Of the new cultural forms were the journalitic article, the pamphlet, evolving forms of the novel, all of which utilized a new form of Arabic, generated in the mid-nineteenth century, incorporating substantial lexical and syntactic developments. Of the ideas, one might cite ideas of the nation, of the economy--which was born as a determinate conceptual field only in the 18th century--of society itself which in the early 19th century superseded the notion of estates, of the body-social as the assembly of individuals that we gain from English philosophy most particularly, and the related idea of an abstract assembly of rights that we see in natural right theories. That the ideas of progress, of popular will, no less that romantic notions of the organic continuity of history and the homogeneity of society, and others, are of the same order, goes without saying. None of these has precedents in Muslim traditions; all belong to the universal regime of modernity, which in one of its aspects constituted an exclusive repertoire of the conceptual apparatus by which peoples world-wide thought and wrote on public affairs. These imperative global forms of cultural expression are analogous to what were called Ō modules' in an important book on nationalism. I do not deny the pervasive existence archaism in the political and social aspirations of Islamists and other conservative populists elsewhere; what I wish to insist upon is that this is not some explosion of ethnological force long repressed, but it is a very recherchˇ primitivism deliberately crafted of the universal modularity of modern ideologies, and the discourse of inwardness, of authenticity, of particularity, expresses a political sentimentalism, formulated in a language and by means of concepts that are entirely heteronomous: sentiments of what is called identity are not immediately translatable into politics, but need to be articulated in terms of ideologies and programmes. When they do explode immediately, they take the form of direct action, as the melancholy musings that are normally identified with the romantic sensibility or otherwise as inarticulate terror.

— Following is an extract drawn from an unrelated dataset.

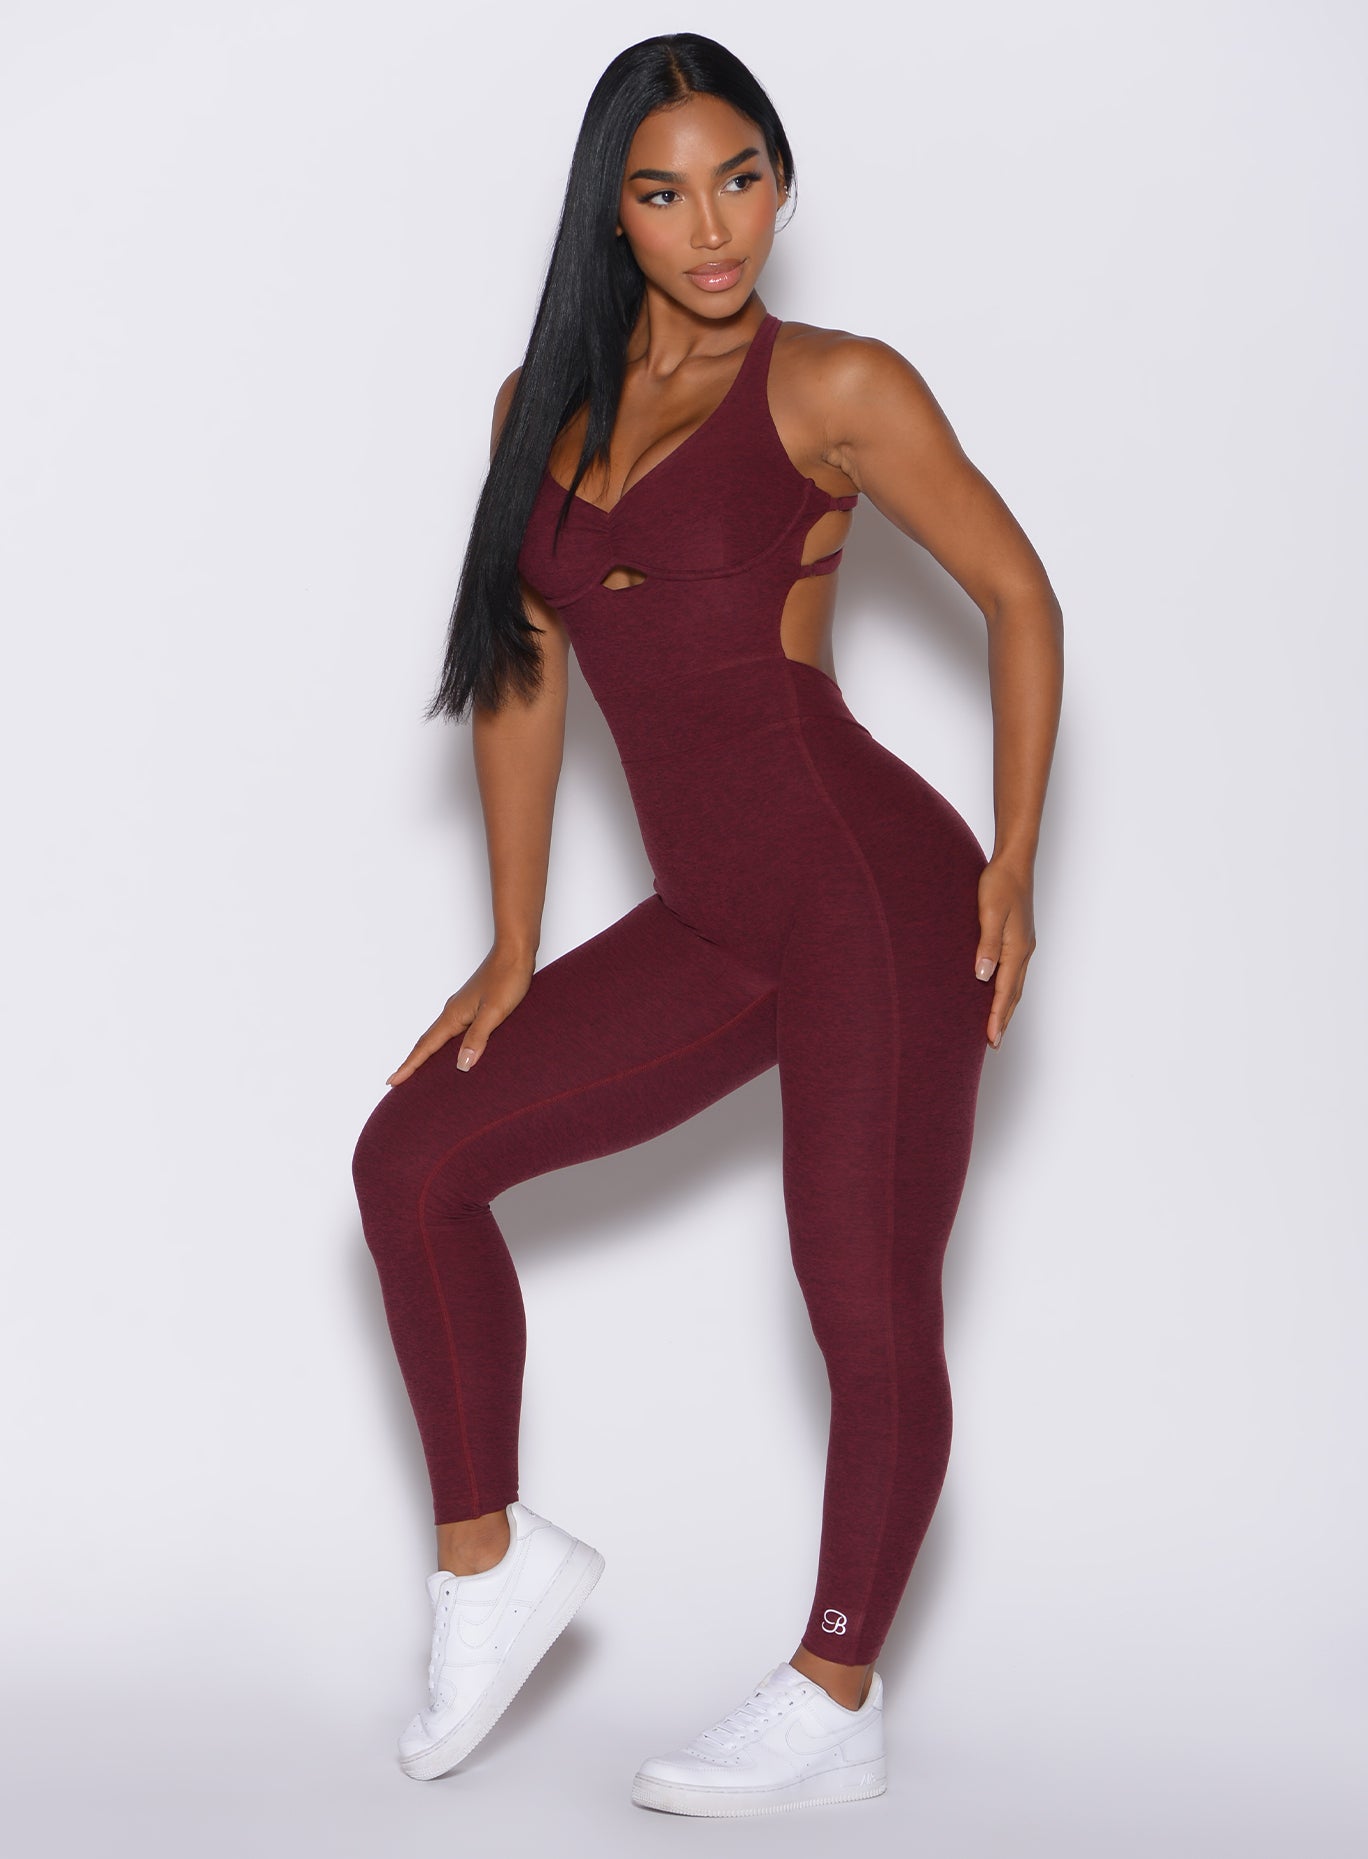 Front profile view of a model wearing our bombshell bodysuit in red wine color

This ideological articulation of religious sentimentalism was not the work of theologians, but of a group that emerged from the new public educational system, which marginalized the public role of the Muslim ecclesiastical establishment, and which was analogous in its purpose and effect to the role played by the lycee system in France or the Gymnasium system in Germany. A new class of intellectuals arose, analogous to that which some German scholars, with reference to their own history, refer to with dread as the Bildungsburgertum. It is this same class of the intelligentsia that sustained secularist and otherwise secular ideologies, in concert with the state. But it is the subaltern components of this intelligentsia that produced Islamism: reformist Islamism at the end of the nineteenth century, and political revivalism at the end of the twentieth.
All in all, it must not be supposed that the circulation and indigenisation of ideas and institutions of European provenance always results in poor carbon copies: we need go no further than cricket, which is generally played better in the former colonies than in England, or the English language, which when used by Anglophone ex-colonials still carries a certain elegance and sophistication that it has generally lost, in Anglo-Saxon countries, to a sparse vocabulary and a rasping syntax. Or we may look at East Asian capitalism, or indeed of democracy in South Africa. Again, the most important consideration of the concept of history written in the second half of this century is, in my opinion, a book published in Arabic in 1992. 1 There is similarly no doubt in my mind, by the same token, that some of the most outstanding systematic statements of fascistic populism have been written in Arabic, Urdu, and Persian, and I'd expect that there would be equally interesting texts in Hindi, in Serbo-Croat, and other languages that I cannot read.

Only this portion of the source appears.